The Gift of Time

“Okay, let me tell you something,” he said. “Time is just a made-up thing that we’re all expected to follow. Take your watch, for example. It’s tough and sturdy and all that, but it doesn’t make sense to set a meeting at 9:30am when everyone’s schedules are different.”

We were hanging out at the train station, feeling a bit out of place. There were digital clocks everywhere, but no fancy Swiss design railway clocks like I wanted. Oh well, beggars can’t be choosers.

As we waited, my friend wondered aloud about what might have changed since he last saw the person we were meeting. “Maybe they won’t be the same,” he mused.

“Who knows?” I shrugged. “People change, life happens. But at least they’re not too scared to meet you.”

“True,” he nodded. “That’s not always the case.”

Railway stations have always been full of metaphors for meetings and farewells. The clocks mark our uneasy relationship with time; arrivals are fleeting joy and departures are transitory sorrow. But amidst all of this, we appreciate little things like fast food to go or an ekiben-style lunch box. And in the fullness of time, hours and minutes blur into shadows.

Time is one of the most precious gifts you can give someone. You’re giving them a part of your life that you can never take back.

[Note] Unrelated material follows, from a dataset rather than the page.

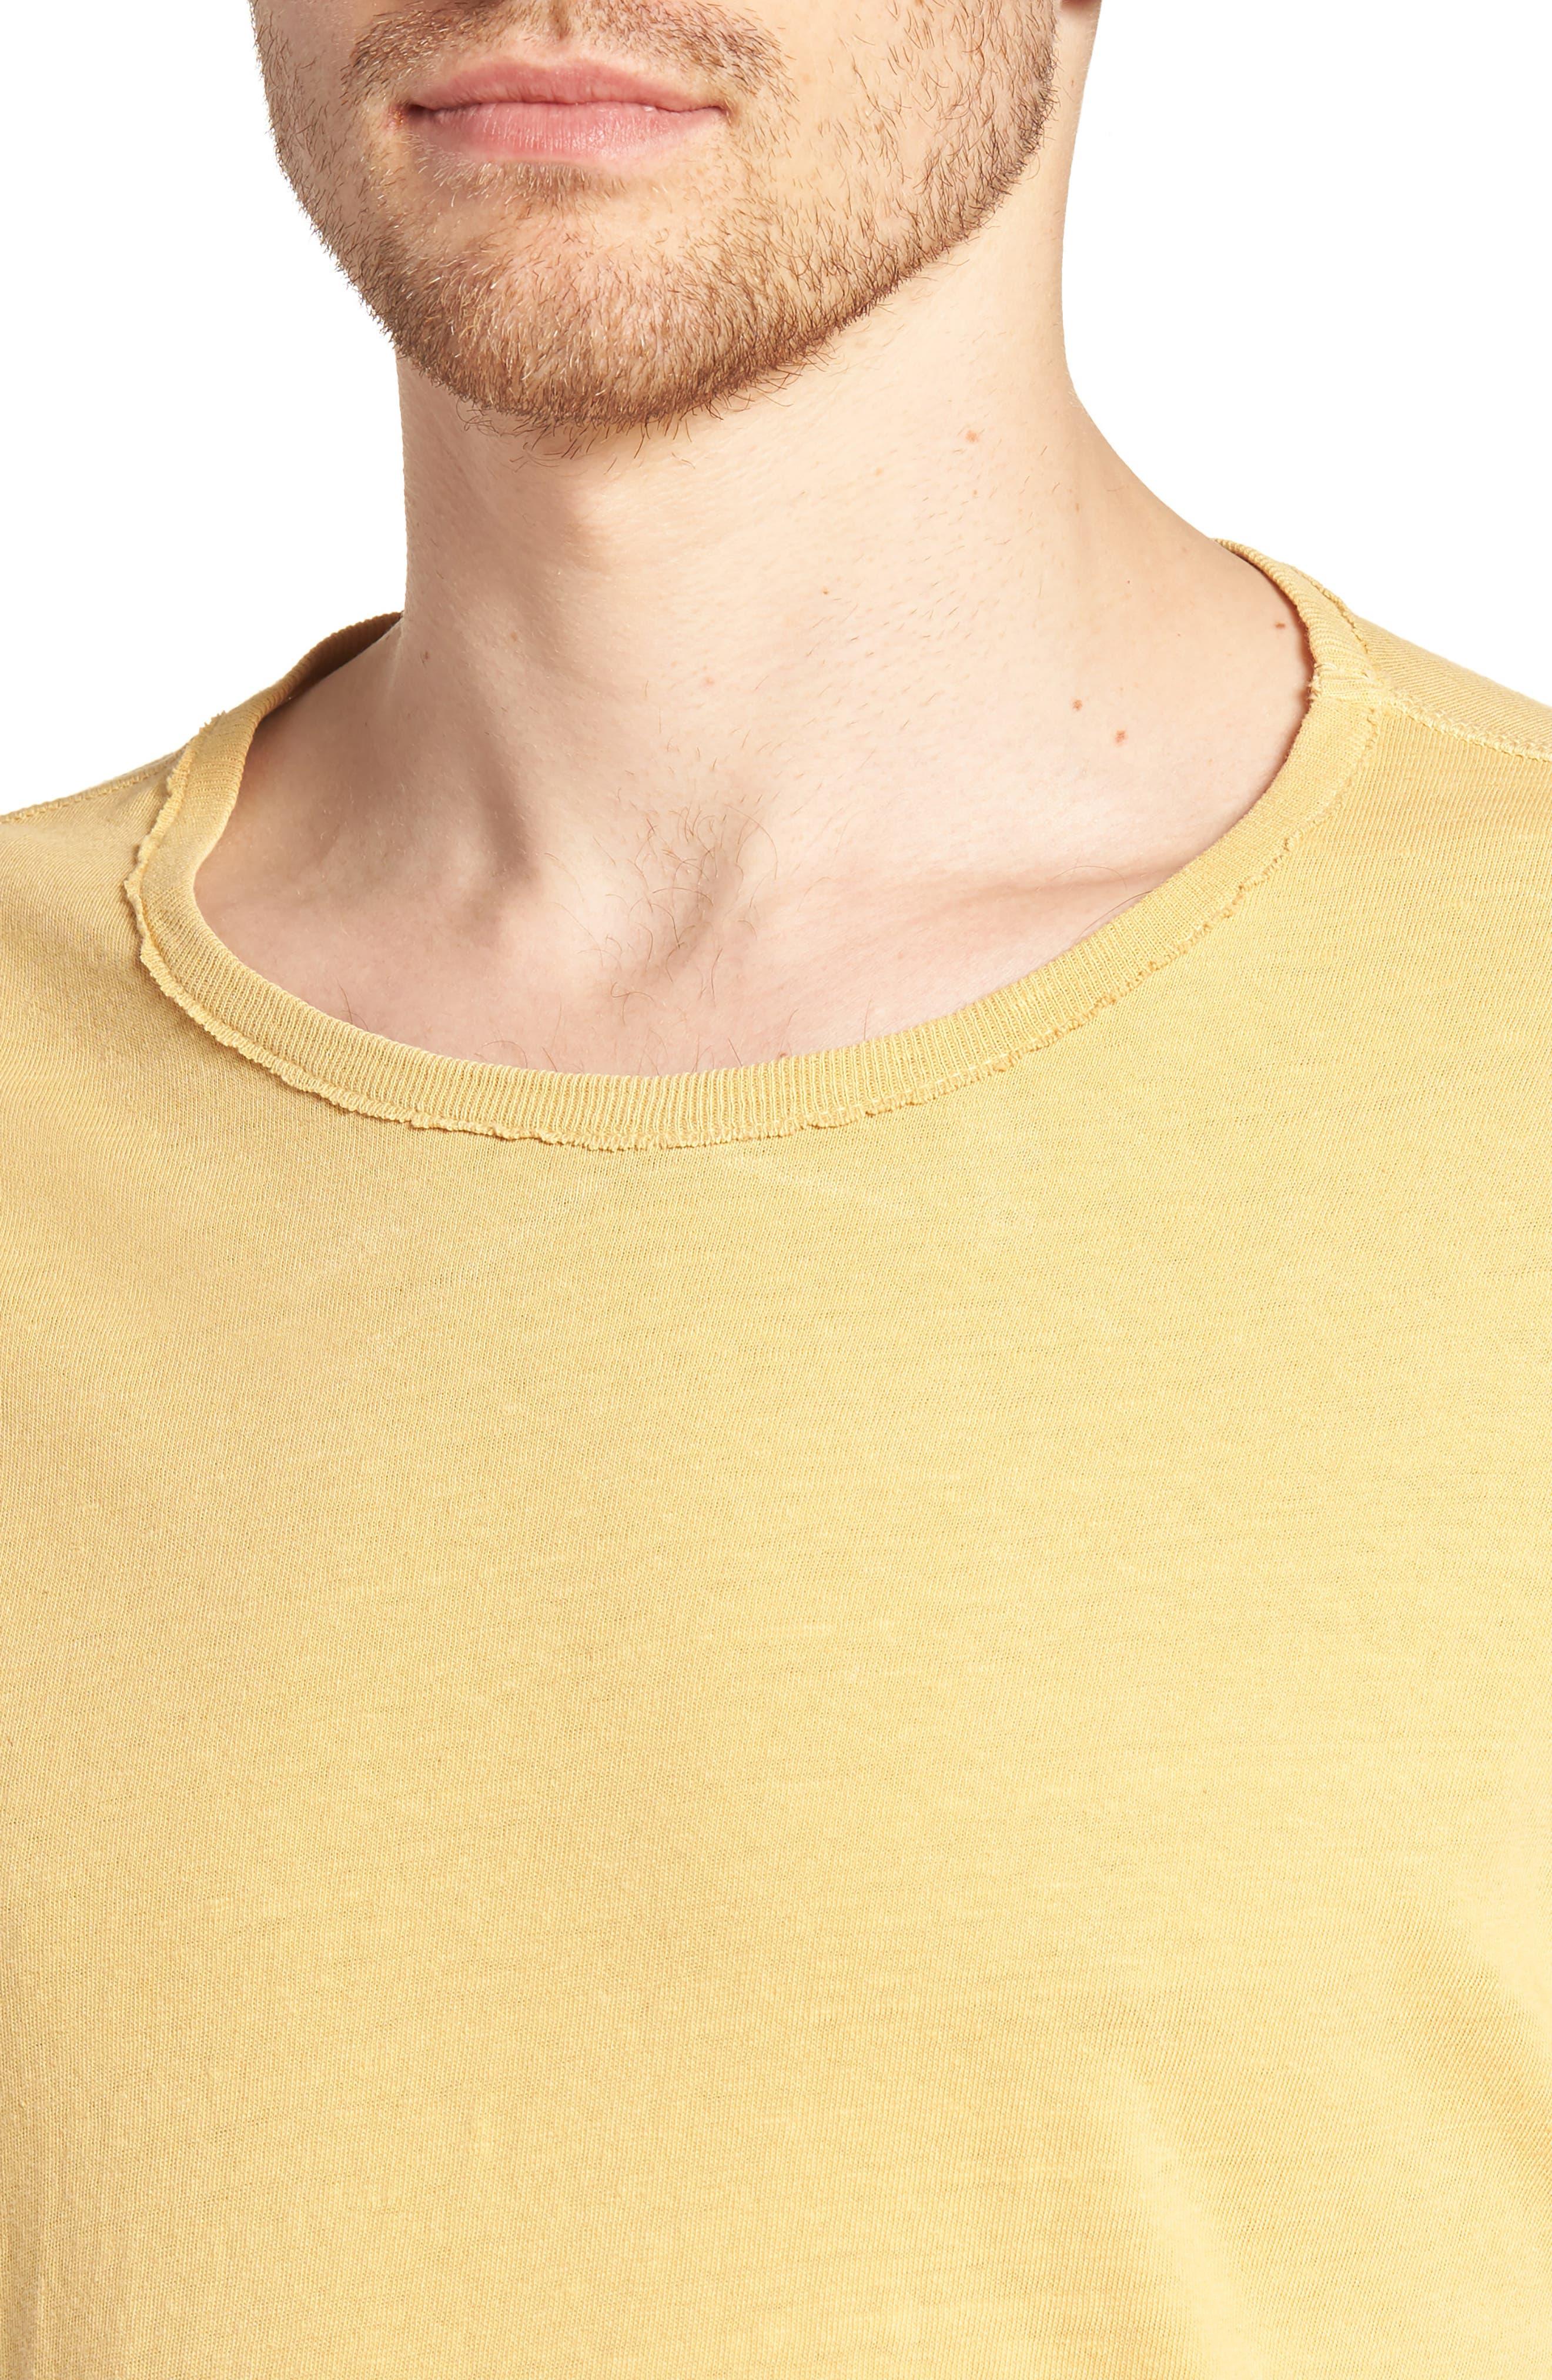 Ramsey Slim Fit Crewneck T-Shirt,                             Alternate thumbnail 4, color,                             Weathered Golden Emmer

I decided to take a walk and get some coffee from the vending machine. As I strolled around, I couldn’t help but think about how technology has fixed our relationship with time. From the clocks on the wall to quartz wristwatches to smartphone features, time is always there. Screens in stainless steel frames tell us everything from the arrival schedule of trains to the latest news updates.

But sometimes it’s nice to take a break from it all. To just be in the moment, without worrying about what time it is. And as I sipped my coffee, I realized that time may be a social construct, but it’s also one that connects us all.

It was a typical day at the station, with trains arriving and departing like clockwork. The time was almost 10 a.m., and as usual, the trains were arriving promptly. The punctuality of trains has always been studied in depth, methodically and scientifically, and it’s one thing that people can rely on.

As we waited for our friend to arrive, the familiar sounds of the train echoed throughout the station. The doors opened and a woman stepped out. She looked at us and smiled, but there was a reservation in her expression that we couldn’t quite place.

“Hello, it’s been a while,” I greeted her. She nodded and smiled back. “Now you probably remember our friend here…”

We caught up for a bit, talking about old times and what had happened over the years. It was nice to reconnect with someone after such a long time. As we chatted, I couldn’t help but think about how time had passed us by so quickly.

Eventually, it was time for her to catch her next train. We said our goodbyes and watched as the doors closed and the train departed from the station. It was a reminder that time waits for no one, and we have to make the most of every moment we have.

In that moment, I realized that time is both precious and fleeting. It’s something that connects us all, regardless of where we are or what we’re doing. And while our relationship with time may be complicated, it’s also something that unites us in a shared experience of life.